The prognostic information of TMT in PCNSL patients was independent of other possible explanatory variables. Among sex, age at time of diagnosis, immunodeficiency, deep brain involvement of the PCNSL lesions, ECOG performance status, methotrexate-based chemotherapy, and TMT values a multivariable Cox regression analysis revealed a significant impact of patient’s age ≥ 65 years at the time of diagnosis (HR of 2.731, 95% CI: 1.717–4.344, p < 0.001), immunodeficiency (HR of 2.453; 95% 1.108–5.43, p = 0.027), ECOG performance status > 1 at time of diagnosis (HR of 1.595, 95% CI: 1.025–2.483, p = 0.039), TMT values below the sex-related cutoff values at the time of diagnosis (HR of 2.504, 95% CI: 1.608–3.911, p < 0.001), and a trend of methotrexate-based chemotherapy (HR of 0.638, 95% CI: 0.402–1.012, p = 0.056) on overall survival.
The patients in this study were stratified according to sex-related TMT cutoff values published previously [18]. Those sex related cutoff values were set 2.5 SD below the normative references (defined as healthy adults between 18–40 years old) as determined by the updated European Working Group on Sarcopenia in Older People (EWGSOP) recommendations [23]. Despite the high awareness of the relevance of a sarcopenia diagnosis due to the increased subjective but also socioeconomic burden of those patients, the assessment of the loss of skeletal muscle mass and strength is still not routinely available [24,25,26,27,28]. This may be due to the fact that the diagnosis of sarcopenia depends on additional examinations that result in prolonged clinical examinations, higher radiation doses for the patients, and additional health care costs. Thus, an objectively and quantitatively assessable tool can be easily integrated in the clinical setting and well suited to provide a rapid overview of the patient’s skeletal muscle status, which represents an unmet medical need, especially in patients with neurological disorders. In the current study, we validated the impact of these sex-related TMT cutoff values with regard to overall survival in PCNSL patients. Based on the results of our study, we suggest including TMT measurements, obtained from diagnostic MR images at the time of diagnosis, in the routine clinical workflow as an additional parameter reflecting a patient’s physical condition to establish real-life evidence for its biomarker potential. In patients who present TMT values below the sex-related cutoff values, further procedures should be initiated to rule out or confirm the diagnosis of sarcopenia as recommended in the EWGSOP guidelines [23]. Therefore, TMT values should be used to obtain an initial overview of a patient’s skeletal muscle mass and strength without replacing other diagnostic procedures. Further prospective clinical trials are necessary to validate the results of the current study and evaluate the impact of sarcopenia prevention or therapy on the clinical outcome of patients with PCNSL.

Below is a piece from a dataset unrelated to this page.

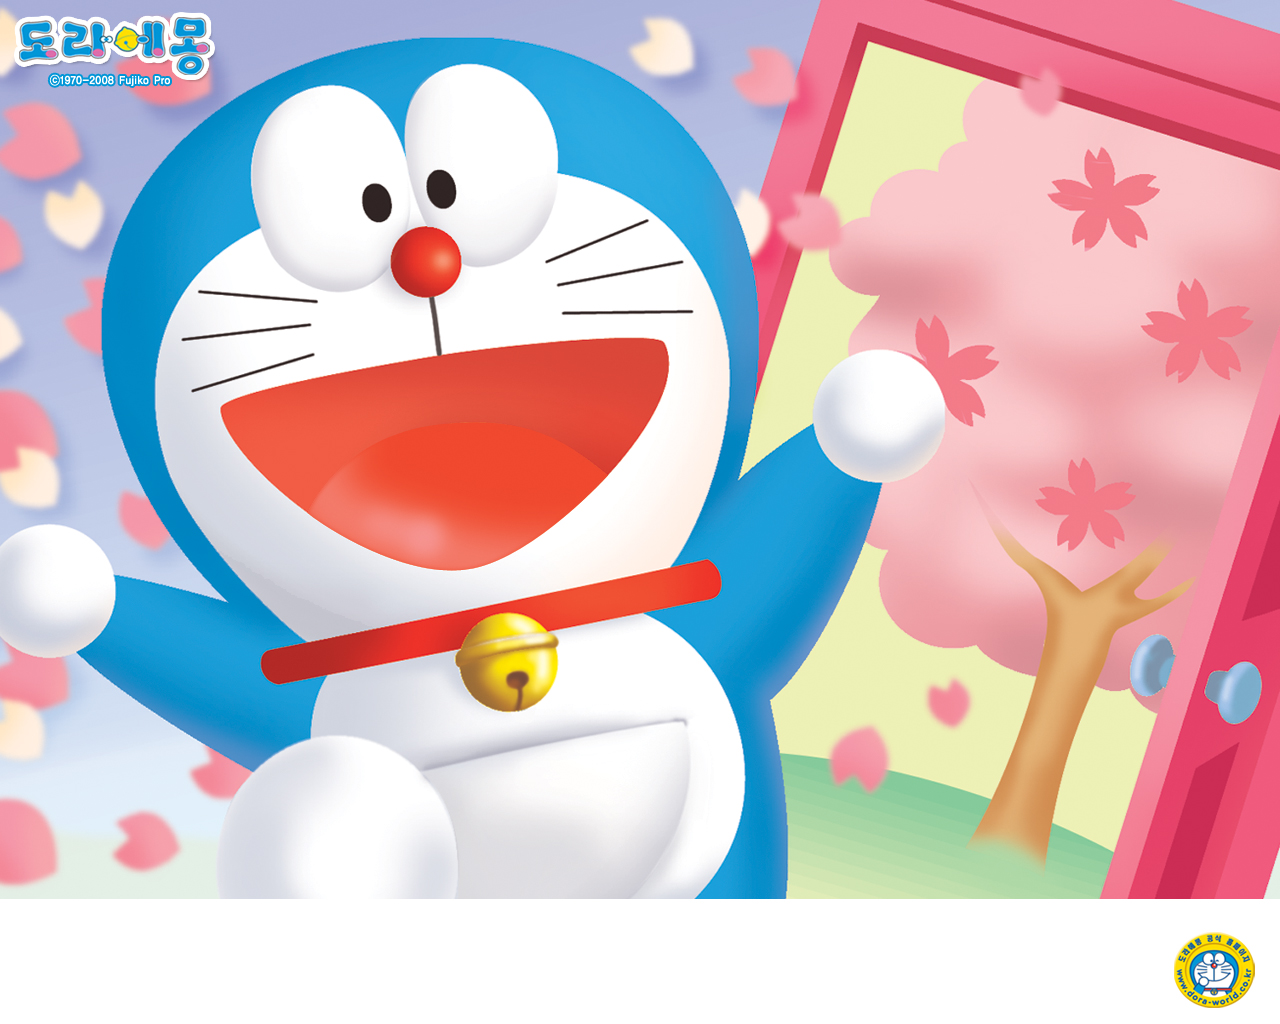 Anime, Doraemon: Hãy đặt mắt nhìn vào hình ảnh này, bạn sẽ được đắm chìm trong thế giới anime đầy màu sắc và kỳ diệu của Doraemon. Từ những món đồ chơi thông minh đến các trò chơi hấp dẫn, Doraemon luôn là trợ thủ đắc lực của các em nhỏ.
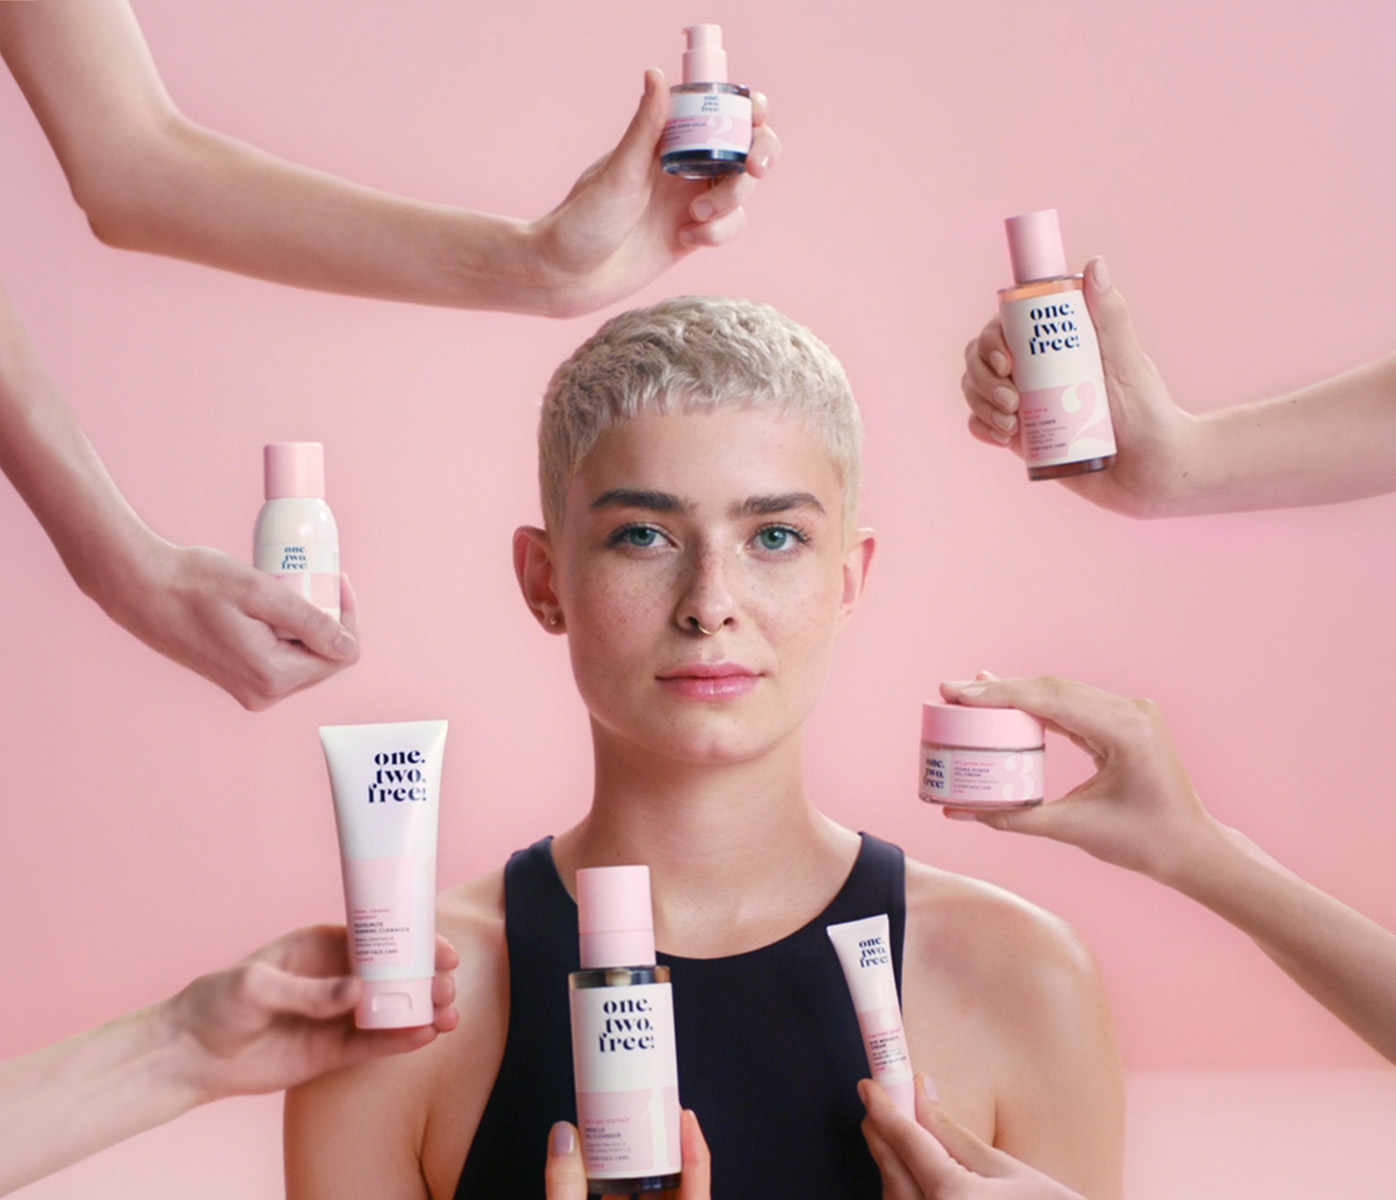 Ein weibliches Model vor einem einfarbigen Hintergrund. Aus allen Richtungen ragen Arme und Hände mit Produkten in das Bild.

Besides the temporal muscle, other craniofacial muscles were also previously taken into consideration to estimate the skeletal muscle mass. Kilgour et al. assessed the cross-sectional area of the neck muscles at the midpoint level of C2 to evaluate the age-related loss of skeletal muscle mass on MR examinations of the brain [29]. The main limitation of this method is that in most cases, these muscles are incompletely depicted on routinely performed MRI examinations of the brain. Despite the relatively small muscle diameter, there are several reasons for the use of the temporal muscle as a prognostic parameter. It is one of the few craniofacial muscles that are depicted in their entirety on routine diagnostic MR images of the brain. This is particularly important for excluding muscle edema or atrophy in patients who have undergone a previous craniotomy or radiation therapy. Furthermore, the TMT measurements are associated with little expenditure of time, with an average duration of about 30 s per patient compared to other techniques. This makes the TMT assessment a suitable tool for the estimation of skeletal muscle mass and function that could be easily included in the routine clinical workflow. Moreover, previous studies could reveal an excellent inter-rater (same subject–same scanner–different reader) and intra-rater (same subject–same scanner–same reader) agreement (ICC > 0.9) each [15,18]. To ensure a high measurement accuracy the usage of isovoxel T1-weighted images is of utmost importance to reduce the partial volume effect. The use of T1-weighted images without fat saturation is crucial to optimize the visualization of the borders of the temporal muscle. Moreover, it is essential for a high intra-reader and inter-reader agreement to take precise measurements on magnified MR images and adhere strictly to the predefined anatomical landmarks (anterior commissure–posterior commissure line, level of the orbital roof and lateral sulcus). To reduce the potential influence of diseases of the temporo-mandibular joint or of the teeth, which may result in an asymmetry of the masticatory muscles, TMT measurements comprising both sides are used [30].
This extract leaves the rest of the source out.